We need research institutions to study traditional cuisines and Indic knowledge bases, including those mentioned in various Indic texts, including all Vedas, Ayurveda and cookbooks such as King Nal’s cookbook that dates back 7000 years to the modern ones.
Indian traditional cuisines align with the biological energies of your body – also called Doshas – Vaata, Pitta and Kapha. We need exhaustive research on how traditional dishes and side servings combine to aid digestion by prompting salivation, enhancing gastric acid-alkaline balance, improving gut microbiome, ensuring hydration, and affecting metabolism rates. We also need to study how these traditional cuisines balanced the nutritional demands and taste and ensured people felt sated after the meals.

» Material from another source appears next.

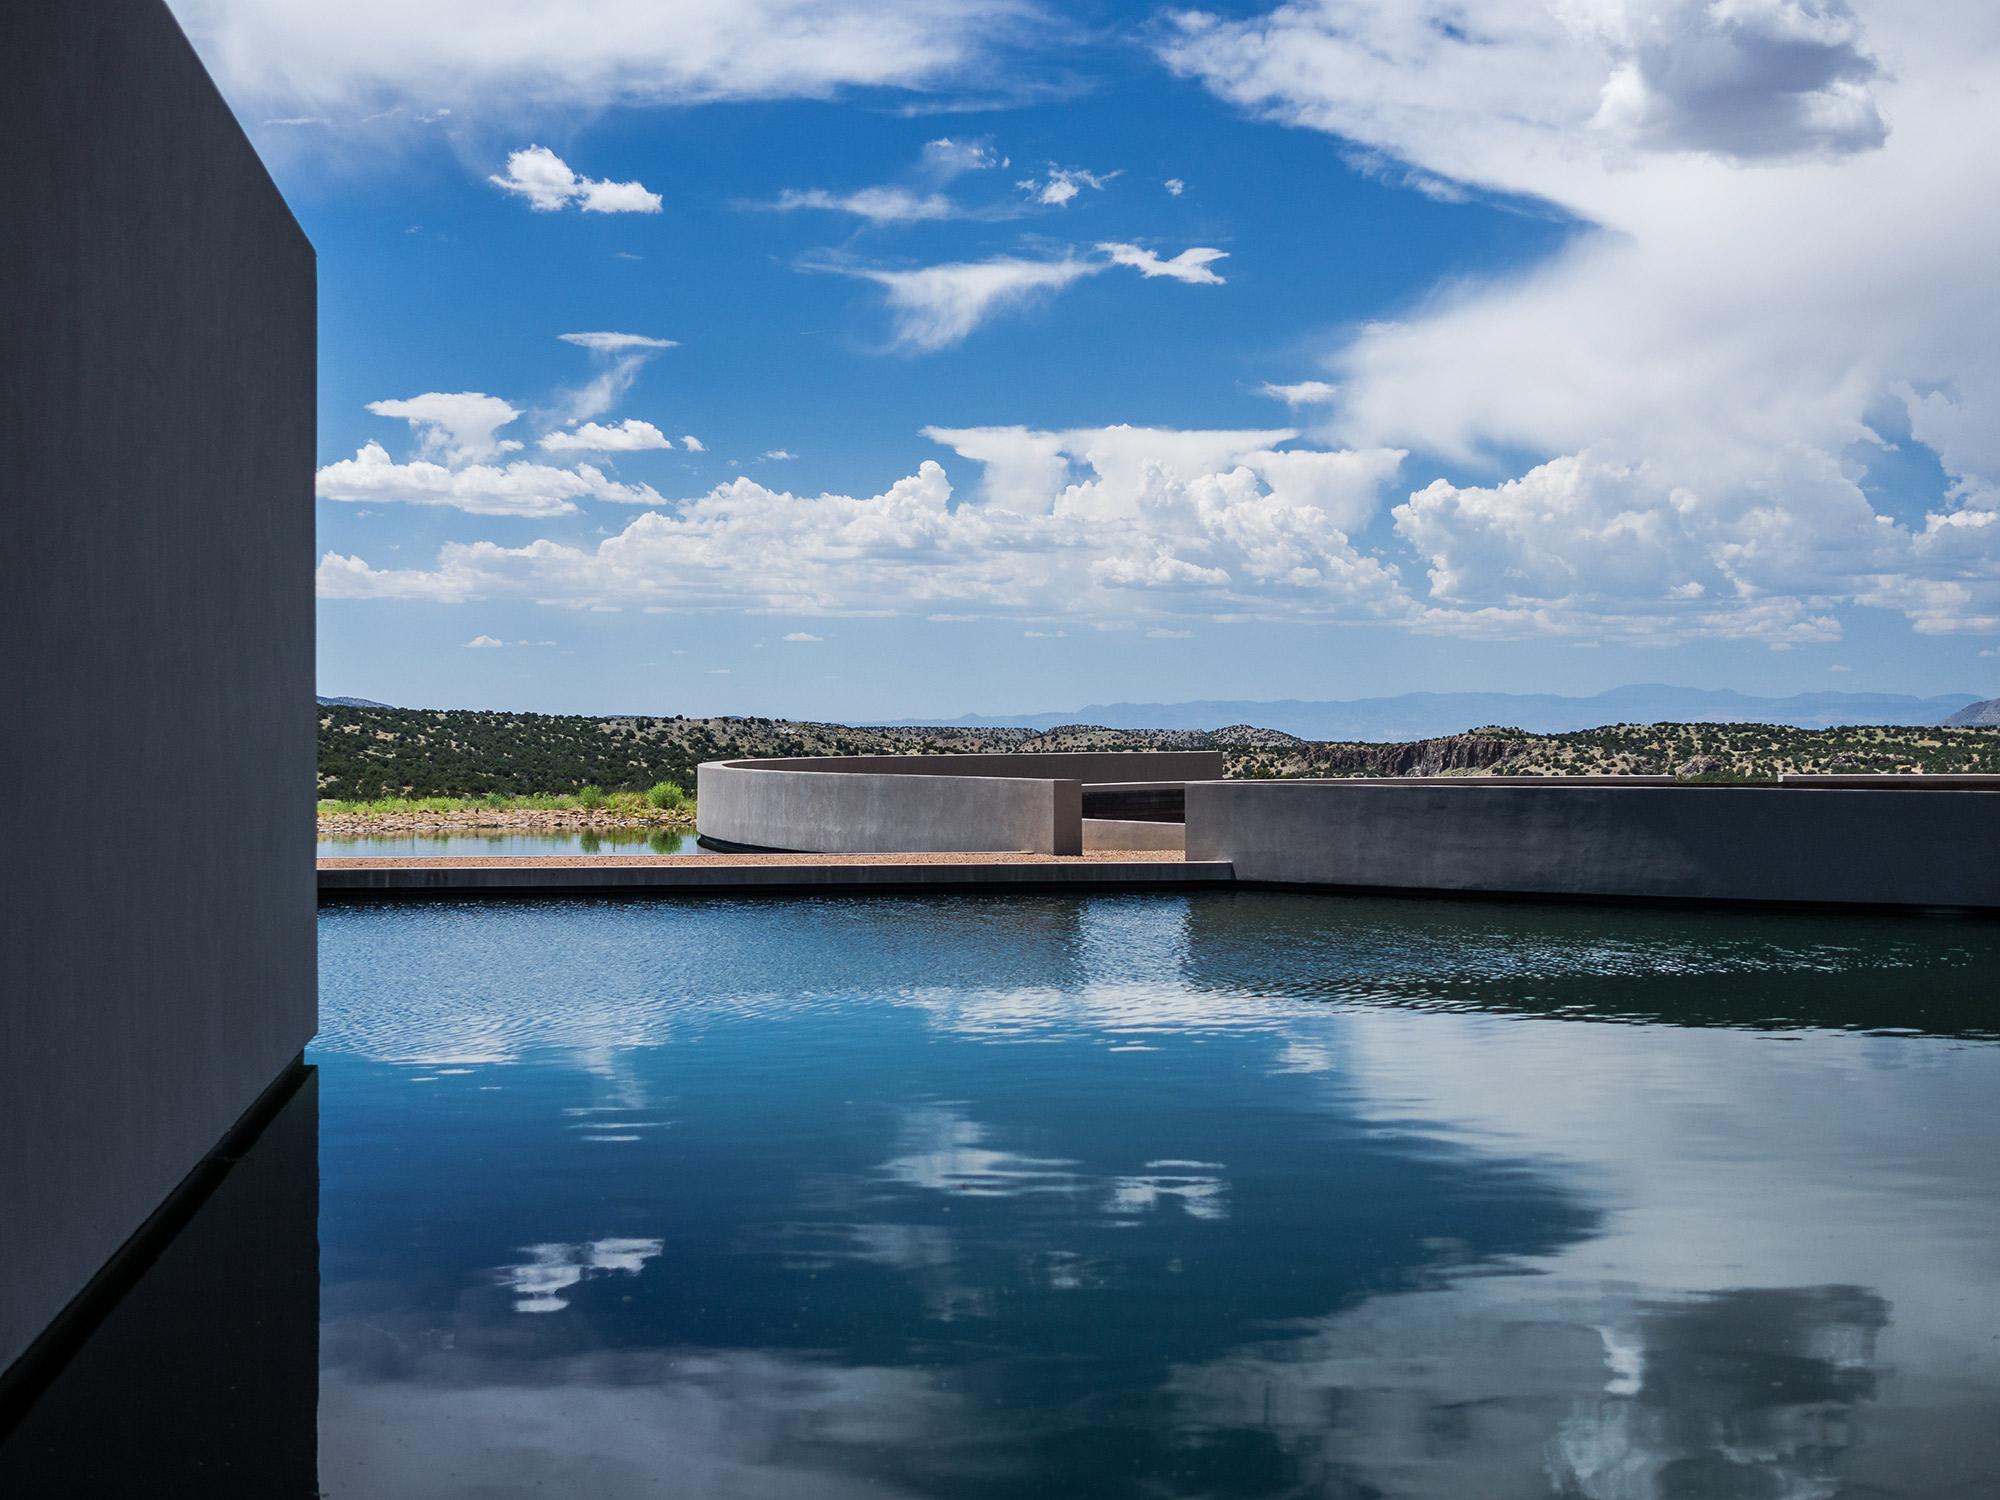 Cerro Pelon Ranch Santa Fe Usa Architect Tadao Ando

We need to augment this knowledge with modern knowledge of calorific intakes, nutrition pyramids, palatability, satiety, packaging, storage and transportation etc.
We also need these food research institutions to study global cuisines in their current and traditional forms and augment our understanding of food itself.
All the research has to be translated into applications. This means training Chefs and food engineers and coaching them in the business and economics of the food industry.
There are many Hotel Management Institutes that can take this opportunity to kickstart a food revolution.
In sum
India can become the kitchen of the world. But more importantly, India can help reinvent food for the world, make it more sustainable, reduce the ecological impact of food and improve nutrition and health. Are we ready?